== What you need to do ==
Repeat the lines below exactly as written, please, from the line with "Shake your shamrocks" to the line with "Beauty Poets", both lines included, and no others.

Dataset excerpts
►

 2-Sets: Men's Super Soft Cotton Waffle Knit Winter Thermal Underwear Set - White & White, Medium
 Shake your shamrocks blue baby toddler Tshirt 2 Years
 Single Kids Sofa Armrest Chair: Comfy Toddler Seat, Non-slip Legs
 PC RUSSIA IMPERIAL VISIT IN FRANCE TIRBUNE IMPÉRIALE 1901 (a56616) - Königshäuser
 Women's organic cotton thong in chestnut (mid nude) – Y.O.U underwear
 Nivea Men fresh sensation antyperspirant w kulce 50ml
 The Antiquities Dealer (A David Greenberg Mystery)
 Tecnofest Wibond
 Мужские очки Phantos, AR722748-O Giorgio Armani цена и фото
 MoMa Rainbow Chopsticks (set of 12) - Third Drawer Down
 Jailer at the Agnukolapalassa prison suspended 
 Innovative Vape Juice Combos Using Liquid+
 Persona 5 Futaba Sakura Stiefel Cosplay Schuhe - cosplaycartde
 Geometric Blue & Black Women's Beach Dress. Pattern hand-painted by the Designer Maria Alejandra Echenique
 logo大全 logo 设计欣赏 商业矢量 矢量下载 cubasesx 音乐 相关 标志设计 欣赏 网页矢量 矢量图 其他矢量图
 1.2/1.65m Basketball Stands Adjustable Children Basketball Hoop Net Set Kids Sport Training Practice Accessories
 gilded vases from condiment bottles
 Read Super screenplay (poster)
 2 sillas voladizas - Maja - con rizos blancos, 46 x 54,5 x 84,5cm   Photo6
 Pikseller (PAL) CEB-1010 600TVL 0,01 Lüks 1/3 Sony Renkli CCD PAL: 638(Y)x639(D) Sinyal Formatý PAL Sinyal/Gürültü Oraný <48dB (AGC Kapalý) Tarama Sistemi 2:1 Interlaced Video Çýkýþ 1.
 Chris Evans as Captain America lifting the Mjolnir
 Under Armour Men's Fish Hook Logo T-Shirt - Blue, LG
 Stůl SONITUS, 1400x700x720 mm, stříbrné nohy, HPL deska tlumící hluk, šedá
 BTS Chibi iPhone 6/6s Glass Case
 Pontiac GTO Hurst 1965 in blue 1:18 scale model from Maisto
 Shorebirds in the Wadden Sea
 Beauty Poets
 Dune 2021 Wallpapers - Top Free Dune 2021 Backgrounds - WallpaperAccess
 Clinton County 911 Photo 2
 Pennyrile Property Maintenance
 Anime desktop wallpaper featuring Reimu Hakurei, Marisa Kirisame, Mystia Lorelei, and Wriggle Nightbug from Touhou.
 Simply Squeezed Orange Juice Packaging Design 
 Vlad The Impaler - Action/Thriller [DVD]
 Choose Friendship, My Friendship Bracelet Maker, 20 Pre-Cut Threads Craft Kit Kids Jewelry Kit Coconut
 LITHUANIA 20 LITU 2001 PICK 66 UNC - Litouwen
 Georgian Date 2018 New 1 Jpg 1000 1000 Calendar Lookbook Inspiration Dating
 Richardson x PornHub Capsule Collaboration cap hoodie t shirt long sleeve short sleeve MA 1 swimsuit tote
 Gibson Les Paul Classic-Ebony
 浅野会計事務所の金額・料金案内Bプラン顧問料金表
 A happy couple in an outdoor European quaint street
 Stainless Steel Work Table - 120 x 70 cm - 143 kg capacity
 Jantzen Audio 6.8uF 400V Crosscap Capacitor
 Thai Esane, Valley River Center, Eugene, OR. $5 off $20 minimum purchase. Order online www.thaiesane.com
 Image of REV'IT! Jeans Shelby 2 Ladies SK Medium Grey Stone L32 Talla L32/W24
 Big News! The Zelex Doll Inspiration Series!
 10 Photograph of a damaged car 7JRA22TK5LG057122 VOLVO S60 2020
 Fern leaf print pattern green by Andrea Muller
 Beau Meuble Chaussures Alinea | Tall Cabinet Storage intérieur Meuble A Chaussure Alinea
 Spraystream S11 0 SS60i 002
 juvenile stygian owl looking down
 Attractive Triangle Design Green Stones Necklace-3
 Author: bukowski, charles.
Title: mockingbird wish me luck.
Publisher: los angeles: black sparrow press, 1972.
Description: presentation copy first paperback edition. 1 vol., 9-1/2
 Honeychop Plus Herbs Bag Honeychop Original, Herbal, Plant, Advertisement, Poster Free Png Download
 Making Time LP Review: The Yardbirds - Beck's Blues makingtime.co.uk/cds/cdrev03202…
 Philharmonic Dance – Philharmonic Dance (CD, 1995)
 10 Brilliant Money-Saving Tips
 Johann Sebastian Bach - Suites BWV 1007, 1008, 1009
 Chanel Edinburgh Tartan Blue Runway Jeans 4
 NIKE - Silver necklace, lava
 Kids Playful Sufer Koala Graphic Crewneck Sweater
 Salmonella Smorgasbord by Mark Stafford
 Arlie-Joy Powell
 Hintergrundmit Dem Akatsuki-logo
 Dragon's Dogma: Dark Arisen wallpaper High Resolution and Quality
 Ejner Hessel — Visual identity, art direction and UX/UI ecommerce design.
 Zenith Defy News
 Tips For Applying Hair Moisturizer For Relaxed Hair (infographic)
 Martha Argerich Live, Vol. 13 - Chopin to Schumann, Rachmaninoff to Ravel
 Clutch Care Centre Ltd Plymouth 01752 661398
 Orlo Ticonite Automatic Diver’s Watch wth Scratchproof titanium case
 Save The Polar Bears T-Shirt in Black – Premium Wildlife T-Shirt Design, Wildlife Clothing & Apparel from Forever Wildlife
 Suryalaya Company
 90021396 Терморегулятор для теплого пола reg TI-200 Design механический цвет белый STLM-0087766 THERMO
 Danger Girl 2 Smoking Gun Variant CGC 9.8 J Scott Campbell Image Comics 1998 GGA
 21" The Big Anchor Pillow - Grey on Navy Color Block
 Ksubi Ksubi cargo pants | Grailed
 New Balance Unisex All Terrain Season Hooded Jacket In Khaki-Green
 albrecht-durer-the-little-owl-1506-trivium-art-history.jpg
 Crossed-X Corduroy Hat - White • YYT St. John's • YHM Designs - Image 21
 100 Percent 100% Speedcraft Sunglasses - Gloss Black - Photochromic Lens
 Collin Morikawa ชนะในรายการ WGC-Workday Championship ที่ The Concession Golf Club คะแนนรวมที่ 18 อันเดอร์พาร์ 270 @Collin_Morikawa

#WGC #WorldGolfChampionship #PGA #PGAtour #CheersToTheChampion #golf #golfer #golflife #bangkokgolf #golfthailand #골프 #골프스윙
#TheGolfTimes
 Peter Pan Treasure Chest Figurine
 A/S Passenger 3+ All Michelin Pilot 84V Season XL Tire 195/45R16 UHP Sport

◄

== Answer section ==
 Shake your shamrocks blue baby toddler Tshirt 2 Years
 Single Kids Sofa Armrest Chair: Comfy Toddler Seat, Non-slip Legs
 PC RUSSIA IMPERIAL VISIT IN FRANCE TIRBUNE IMPÉRIALE 1901 (a56616) - Königshäuser
 Women's organic cotton thong in chestnut (mid nude) – Y.O.U underwear
 Nivea Men fresh sensation antyperspirant w kulce 50ml
 The Antiquities Dealer (A David Greenberg Mystery)
 Tecnofest Wibond
 Мужские очки Phantos, AR722748-O Giorgio Armani цена и фото
 MoMa Rainbow Chopsticks (set of 12) - Third Drawer Down
 Jailer at the Agnukolapalassa prison suspended 
 Innovative Vape Juice Combos Using Liquid+
 Persona 5 Futaba Sakura Stiefel Cosplay Schuhe - cosplaycartde
 Geometric Blue & Black Women's Beach Dress. Pattern hand-painted by the Designer Maria Alejandra Echenique
 logo大全 logo 设计欣赏 商业矢量 矢量下载 cubasesx 音乐 相关 标志设计 欣赏 网页矢量 矢量图 其他矢量图
 1.2/1.65m Basketball Stands Adjustable Children Basketball Hoop Net Set Kids Sport Training Practice Accessories
 gilded vases from condiment bottles
 Read Super screenplay (poster)
 2 sillas voladizas - Maja - con rizos blancos, 46 x 54,5 x 84,5cm   Photo6
 Pikseller (PAL) CEB-1010 600TVL 0,01 Lüks 1/3 Sony Renkli CCD PAL: 638(Y)x639(D) Sinyal Formatý PAL Sinyal/Gürültü Oraný <48dB (AGC Kapalý) Tarama Sistemi 2:1 Interlaced Video Çýkýþ 1.
 Chris Evans as Captain America lifting the Mjolnir
 Under Armour Men's Fish Hook Logo T-Shirt - Blue, LG
 Stůl SONITUS, 1400x700x720 mm, stříbrné nohy, HPL deska tlumící hluk, šedá
 BTS Chibi iPhone 6/6s Glass Case
 Pontiac GTO Hurst 1965 in blue 1:18 scale model from Maisto
 Shorebirds in the Wadden Sea
 Beauty Poets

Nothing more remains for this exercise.